Model Demos

The DIVA model is a neural network that learns to control the movements of a computer-simulated vocal tract. The model’s articulator movements and acoustic signal can be captured in videos. The samples below illustrate several interesting aspects of speech in developing infants and adults.


In the first 6-8 months of life, infants make a number of vocalizations, but very few of these are well-formed syllables. According to the DIVA model, these early, largely random vocalizations allow the infant’s brain to tune up neural mappings representing the relationships between movements and their acoustic consequences, independent of speech for now. These mappings will be needed to guide the production of speech sounds learned at later stages of development.

Demo: A sample of random babbling movements used to tune the model’s representation of the relationship between articulator movements and their acoustic consequences. Random_Babbling

At around 8-10 months, most infants enter a new stage of babbling, referred to as reduplicated or canonical babbling. This stage is characterized by the fairly sudden onset of reasonably well-formed syllables, often surprising parents with (perhaps accidental) productions of first words like “mama”. In the DIVA model, reduplicated babbling can be generated by simply moving the jaw up and down in an oscillatory fashion. Note how the model’s productions in the following video sound much more like syllables and words than in the previous video, which involved purely random articulator movements.

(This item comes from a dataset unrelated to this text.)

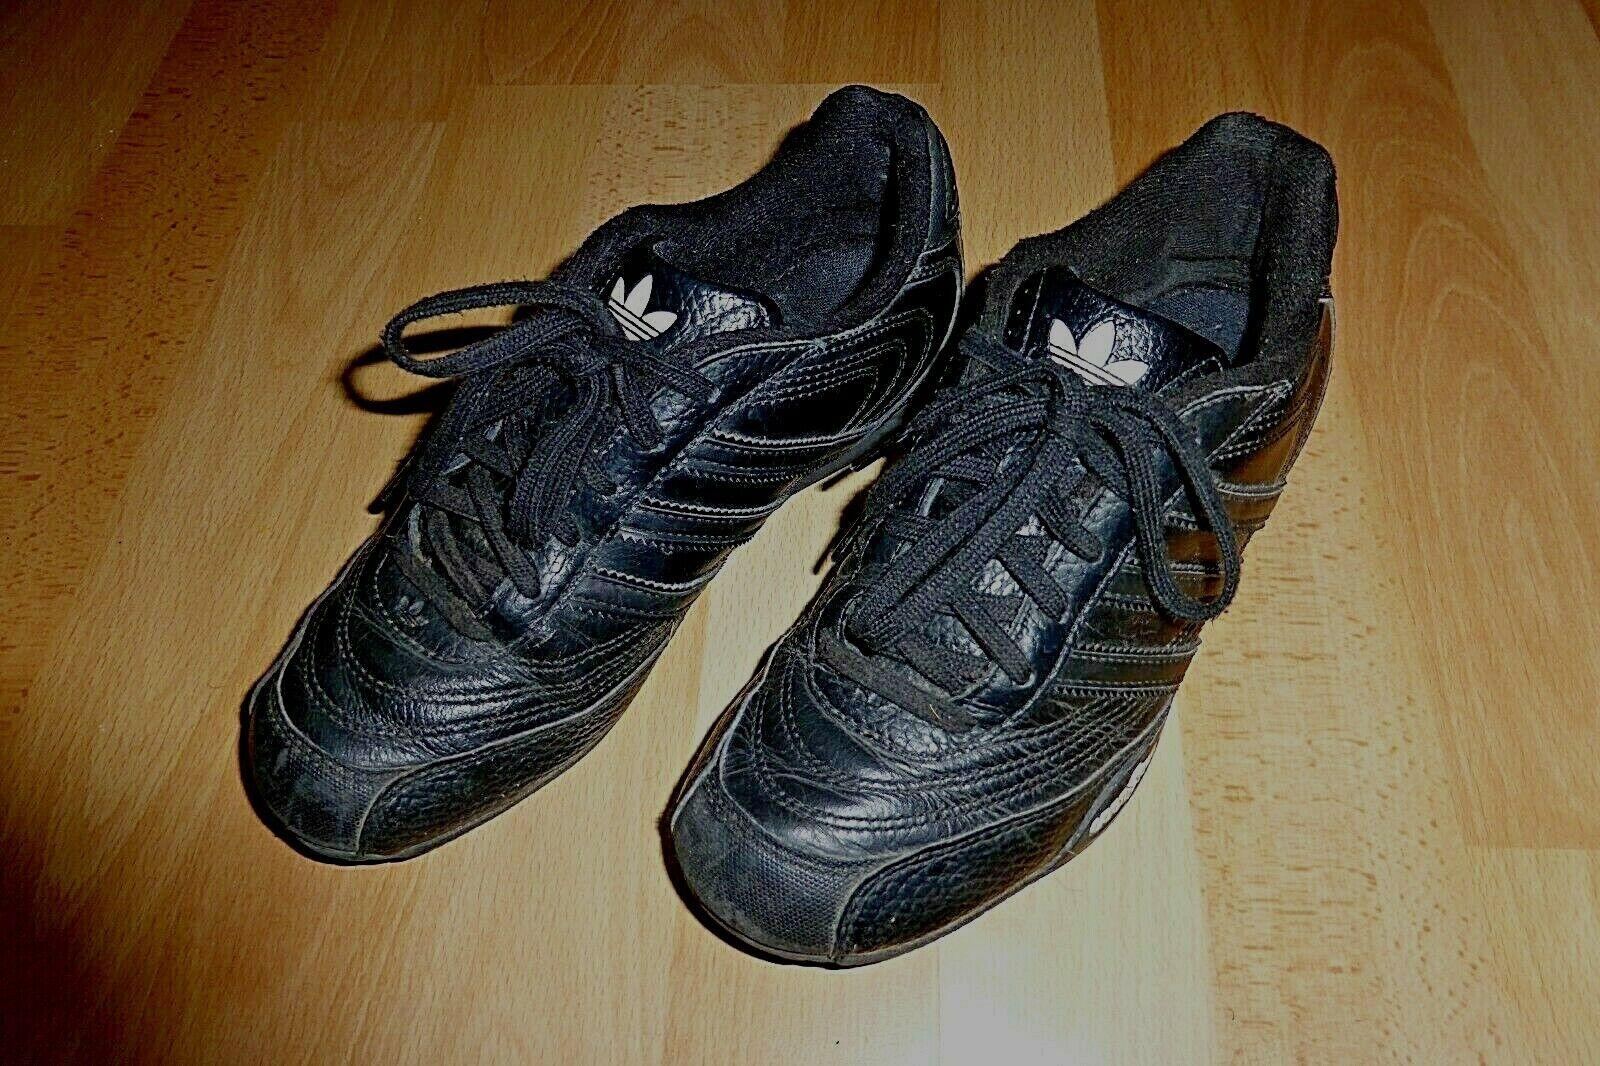 *** adidas Sneaker Femmes Chaussures De Sport Taille 36,5 Noir en Cuir ***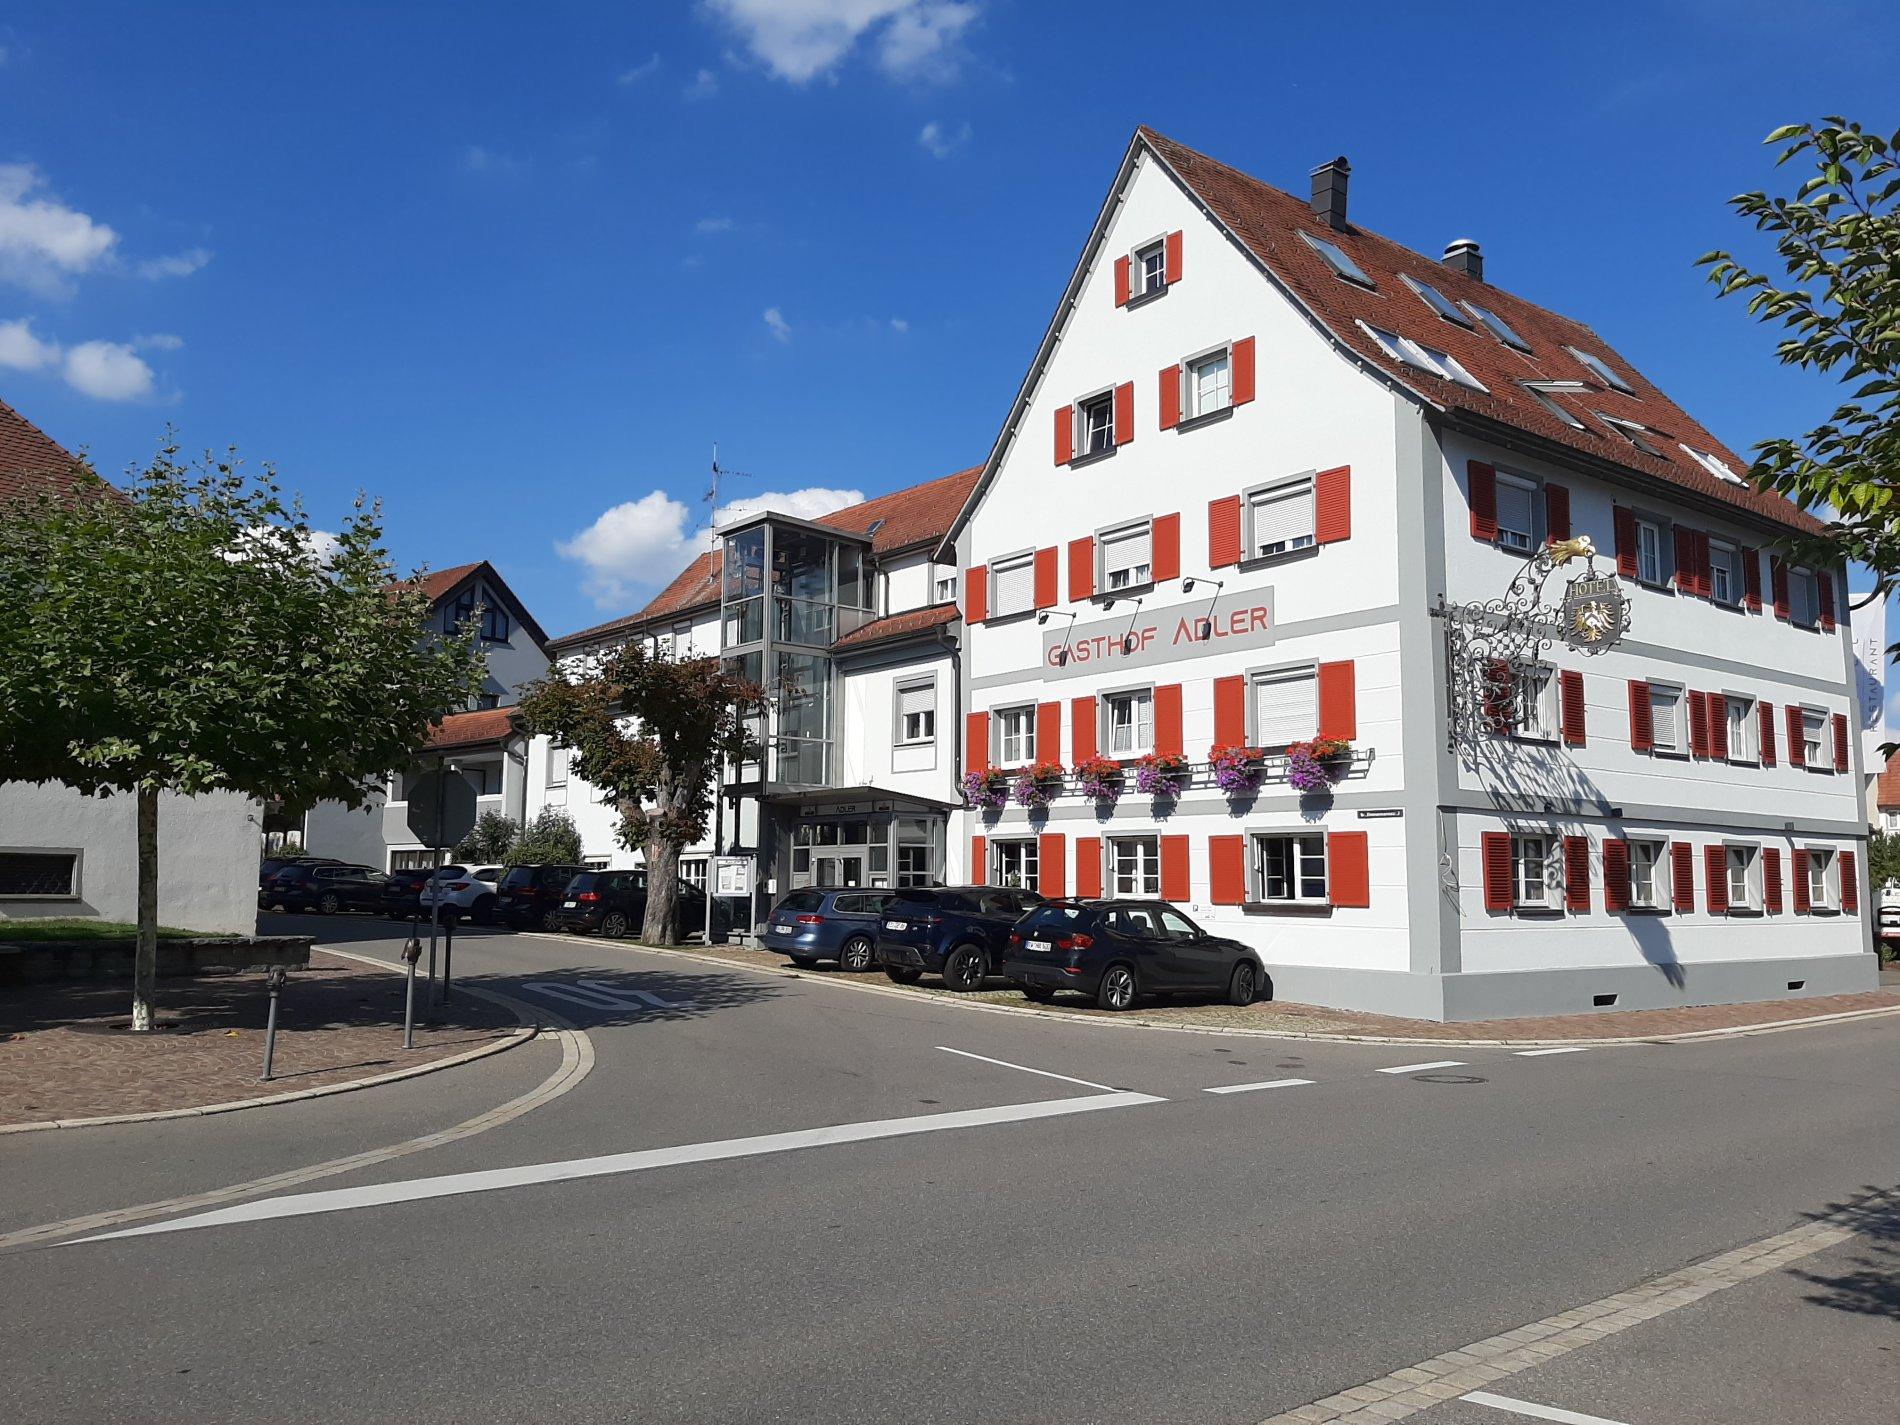 Eingangstür Gasthof Adler

Demo: Reduplicated babbling, leading to frequent production of acceptable syllables.Reduplicated_Babbling

Shortly after they enter the reduplicated babbling stage, infants move on to variegated babbling, characterized by changes in the phonemes from syllable to syllable within a babble. In the model this can be induced by adding random articulator movements onto the oscillatory jaw movements used during reduplicated babbling.

Demo: Variegated babbling, in which random movements of the tongue and lips coupled with oscillatory jaw movements produce variations in the phonemic content of each babbled syllable. Variegated_Babbling

According to the model, words and syllables of the native language are represented in the brain as auditory target regions that the speech production mechanism must attain in order to correctly produce the word/syllable. The transition from babbling to first words in the model can be carried out simply by reducing the sizes of the auditory target regions from large and diffuse regions for babbling to smaller regions that more accurately characterize how a particular word is supposed to sound. The following videos represent this progression from babbling to correct production of the word “baby”, carried out by progressively shrinking the auditory target region with each attempt.

Baby_1 Baby_2 Baby_3 Demo: Three attempts to produce the word “baby”, with the auditory target region for the word shrinking with each attempt from a very diffuse target to a very precise target.

Learning New Words

According to the DIVA model, there are two ways our brains can control speech movements: (1) using auditory feedback of our own speech to correct any differences between our auditory target for a word and our actual speech, and (2) using “feedforward” commands, which are articulatory commands that were learned from past productions. Early productions of a new word rely heavily on auditory feedback control, since accurate feedforward commands for the word are not yet available. With each attempt, however, the feedforward commands improve. The videos below show the model’s first few attempts to produce a new phrase, “good doggie”.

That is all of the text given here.